# perplexed



## KilcronXIII (Mar 4, 2008)

Well i got this nasty little bugger. It bit me 4 times already while keeping my tank maintained. The guy I bought it from bought it from a store that claims it was a White/Black Rhom. I've worked at a pet store as well and it don't look like no Rhom I've ever seen. I've also owned Piranhas in the past (red bellies) so I know a little about them but I CANNOT figure out what type or breed this guy is.
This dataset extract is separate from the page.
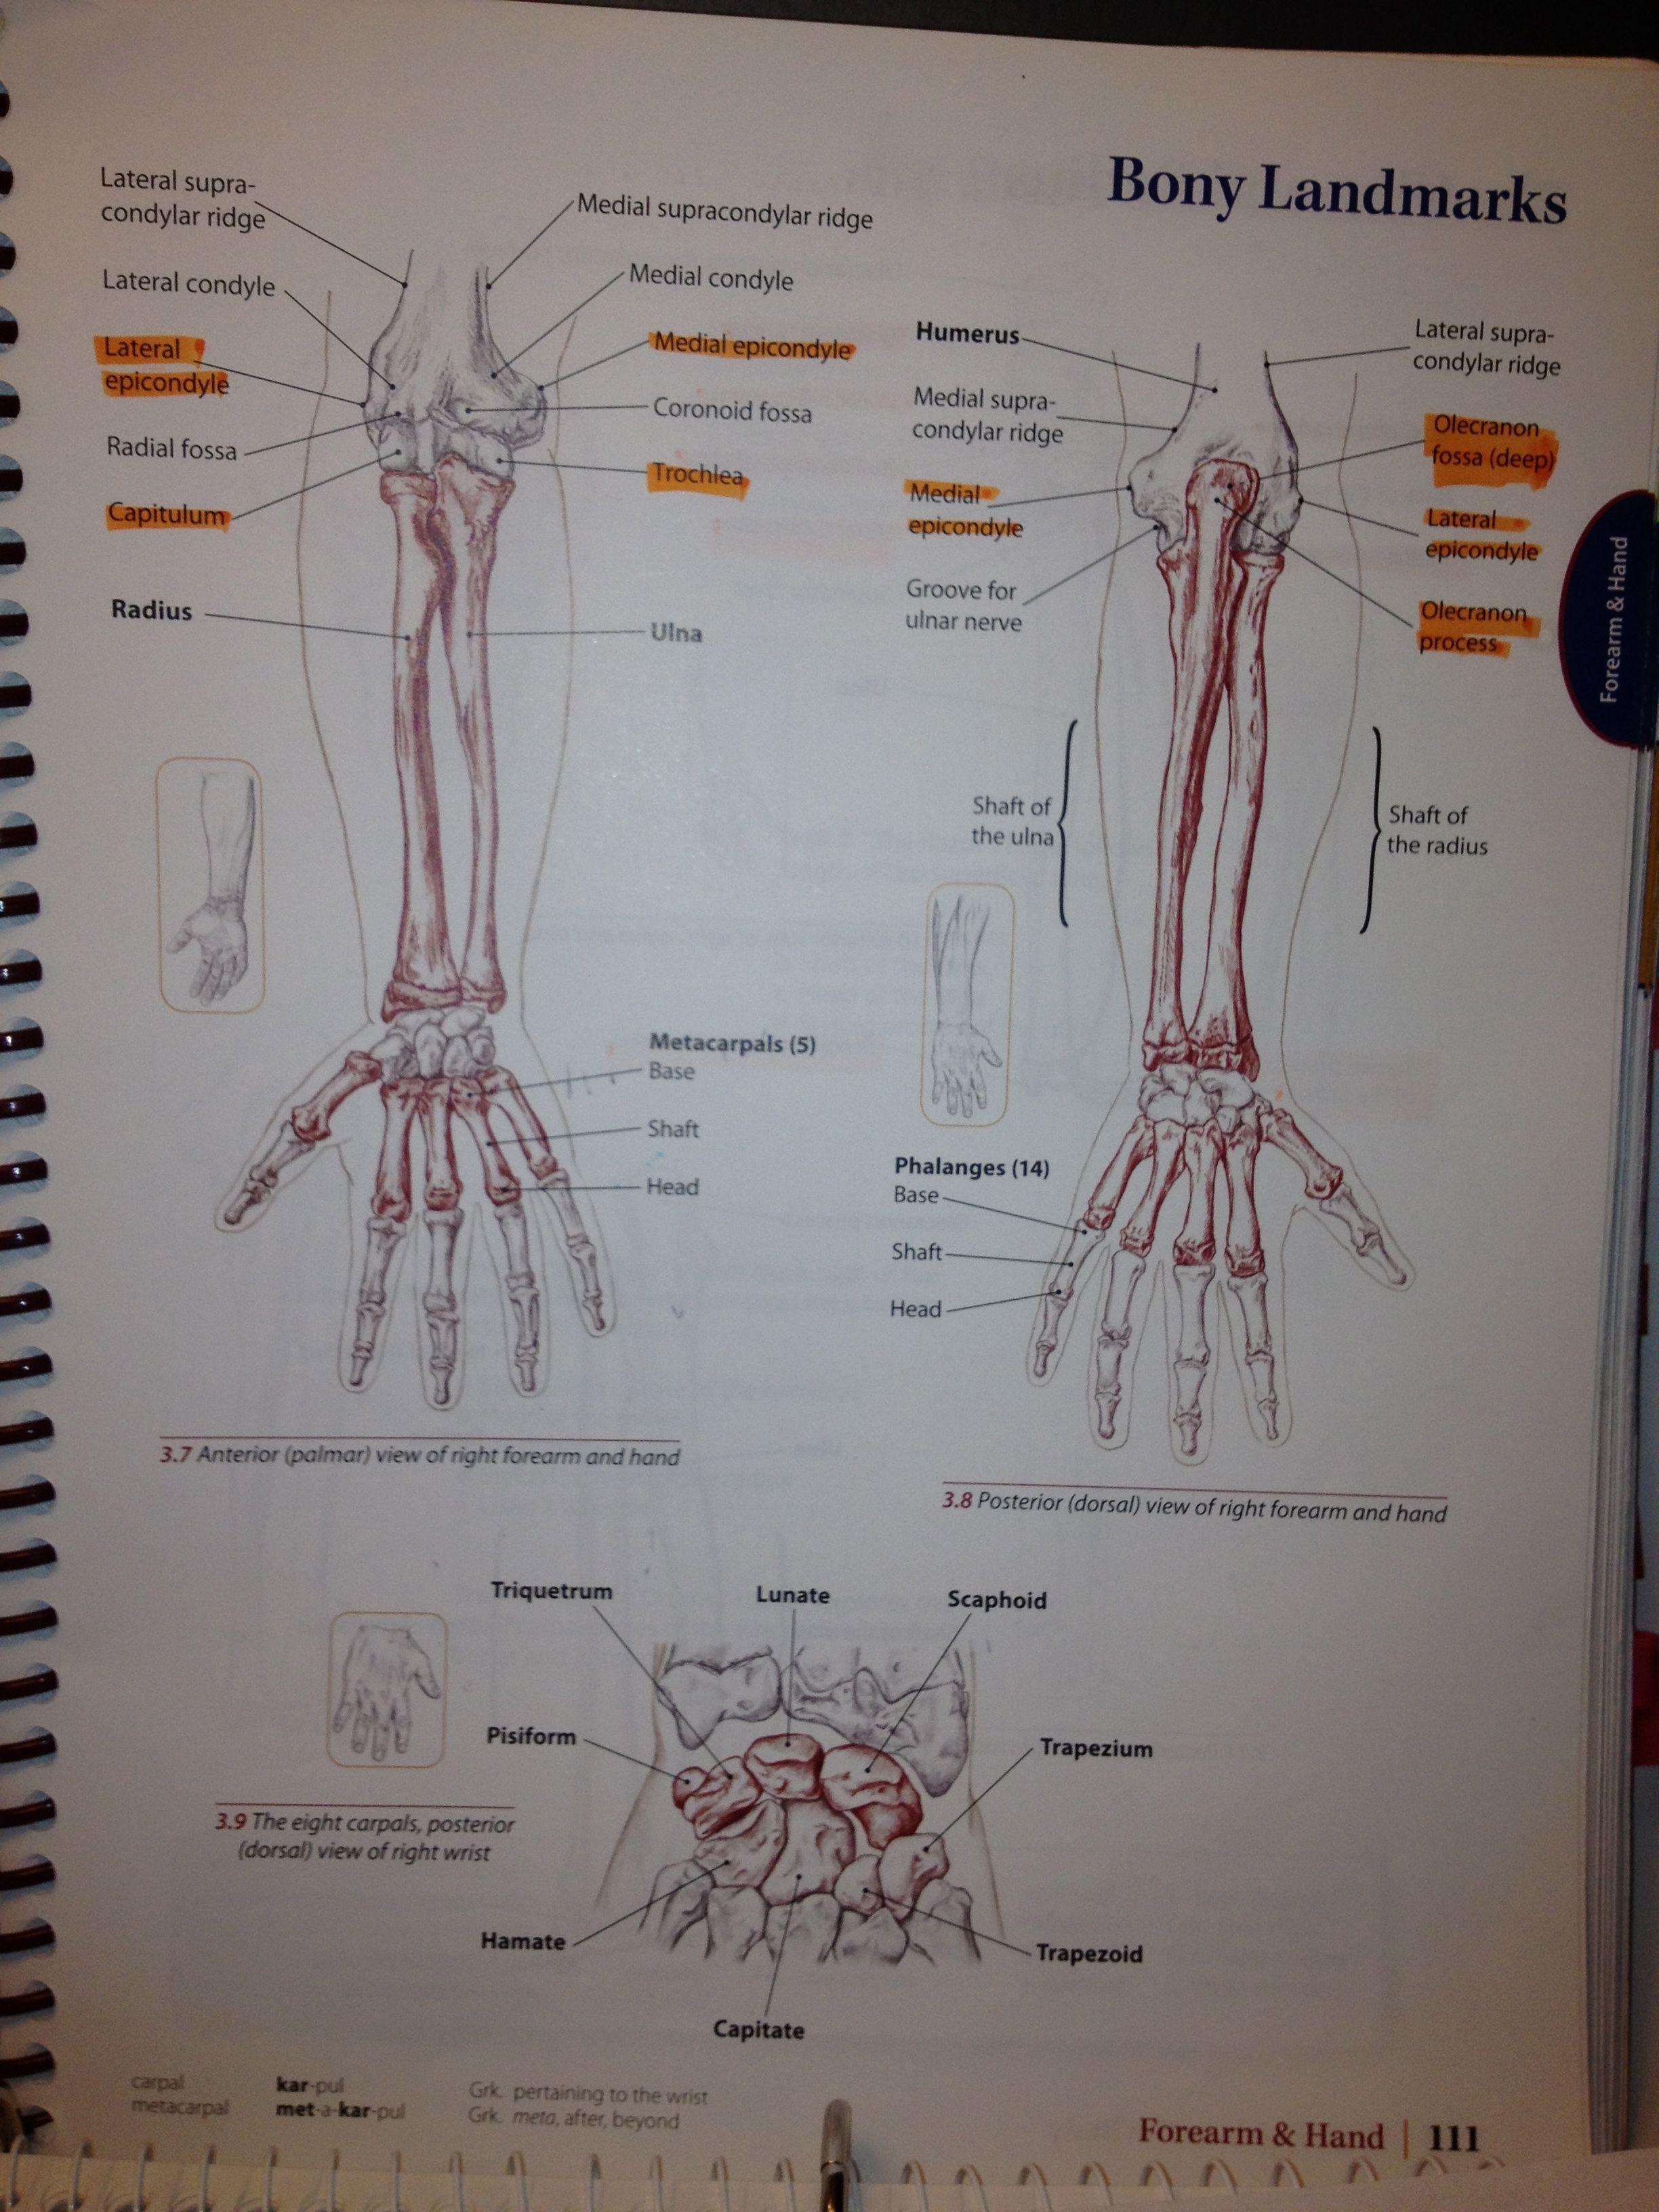 Bony Landmarks Of Forearm Wrist And Hand

It still fairly young but ANY suggestions would really be appreciated.


----------



## confused (Mar 17, 2004)

sanchezi


----------



## KilcronXIII (Mar 4, 2008)

thank you SO much. well since it only get like 6" long, I'll be usin' my 70 Gal for an ACTUAL Black Rhom, unless there is a nother piranha that is MORE aggressive. The Rhoms are from what i hear one of the worst.


----------



## confused (Mar 17, 2004)

My sanchezi is pretty damn aggressive now That hes in his new tank 100 gal (lol) i thought he was a rhom at first too. Black ps grow very slow and unless you plan on buying him large I would just get a shoal of pygos.


----------



## KilcronXIII (Mar 4, 2008)

ya i've read that Rhoms grow like 1' to 1.5'' a year. i just want something bigger. i am, however thoughly impressed with him. he was also wild caught. the guy that i bought it from had it house with a Green Terror. and only by chance was the green terror saved. lol. i bought a small oscar for mine to eat but at the moment the are friends. like i said been bitten 4 times now. my fault of course, last one was pretty good though. how big is your Sanchezi?


----------



## confused (Mar 17, 2004)

He is about 5 inches. Just put a divider in the tank and am gonna throw some reds in. One sanchezi in a 100 feels like a waste of tank space lol. When i walk by he comes out of his cave all pissed off its pretty funny. In that size tank he might not kill the oscar.


----------



## KilcronXIII (Mar 4, 2008)

bigger the tank the more pissy they get then. lol small man syndrome. he killed an African cichlid already cause it wouldn't leave him alone. oh well my lil' sis might have a fish then lol. i like Oscars and all but no teeth and the most obvious of all: it ain't a piranha. and the only prob i have with a shoal of piranha its it gets pricey and i'm already feed a 14 foot Burmese python lol. i just like the Rhoms cause they look SO menacing gun-barrel color with red eyes.


----------



## confused (Mar 17, 2004)

They do look very nice. A shoal is a lot of fun to watch though.


----------



## KilcronXIII (Mar 4, 2008)

ya i had a shoal a few years back, party fav. lol i guess i'll have to wait and see what i actually decide to do.


----------



## notaverage (Sep 10, 2005)

Bit you 4 times already? wheres the pics
I dont hin that its that common...if you have then Dam aggressive and territorial P you have there!


----------



## pirayaman (Nov 3, 2007)

get a manny


----------



## Dr. Giggles (Oct 18, 2003)

to ID forum. Appears to be Sanchezi.


----------



## Buckman (Jan 10, 2007)

def. a sanchezi. im my opinion, go with an 8-10 inch rhom in that 70 gallon, you wont be disapointed.


----------



## KilcronXIII (Mar 4, 2008)

he is just a little gaffer, the pics would have been boring. if they ain't gushers don't bother with pics lol.


----------



## GoJamieGo (Mar 18, 2005)

looks like a normal sanchezi to me.... it doesnt look like a purple spilo sanchezi which are hella nice.


----------